Posted by Unknown Lamer
from the because-blackboard-will-break-your-knees dept.
rtobyr writes "We use the Internet — E-mail, Facebook, Twitter, and blogs to communicate with colleagues, friends, and family. When I was in Iraq with the Marine Corps, we used e-mail (secured with encryption and stuff, but e-mail nonetheless) to communicate the commanding officer's order that a combat mission should be carried out. My third grade daughter produces her own YouTube videos, and can create public servers for her games with virtual private network technology. Yet here I am trusting a third grade girl to deliver memos to me about her educational requirements in an age in which I can't remember the last time I used paper.
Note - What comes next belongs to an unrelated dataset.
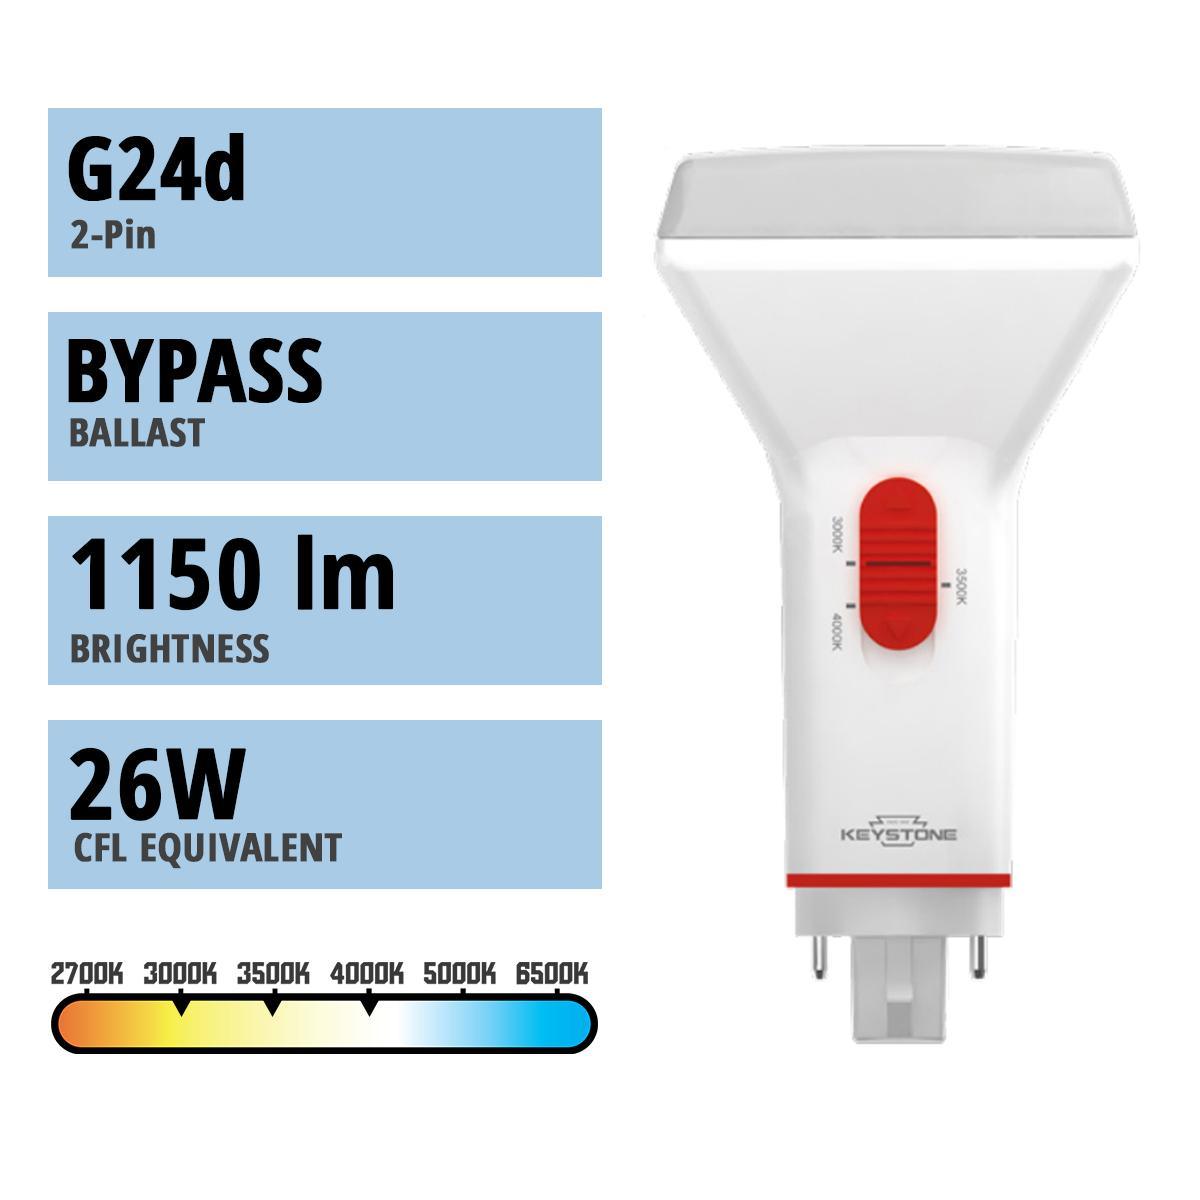 2 Pin PL LED Bulb, 8.5 Watt 1150 Lumens, Selectable CCT 27K/40K/50K, Vertical, Replaces 26W CFL, G24d Base, Tybe B Ballast Bypass

Teachers could have distribution lists of the parents. The kids' homework is printed. Therefore, it must have started as a computer file (I hope they're not still using mimeograph machines). Teachers could e-mail a summary of what's going on, and attach the homework files along with other notices about field trips or conferences that parents should be aware of. Teachers could have an easy way to post all these files to the Internet on blogs. With RSS, parents could subscribe to receive everything that teachers put online. If teachers want to add to the blog their own personal comments about how the school year is going, then all the parents would see that also, and perhaps have the opportunity to comment on the blog. It seems to me that with the right processes, the cost and additional workload would be insignificant. For example, instead of developing a syllabus in MS Word, use Wordpress. Have schools simply not paid attention to the past decade of technology, or is there a reason that these things aren't in place?" It seems odd that primary schools in at least the U.S. don't use technology to communicate with students much. My younger sister went to a private school that made reasonable use of Blackboard, but that seems to be the exception.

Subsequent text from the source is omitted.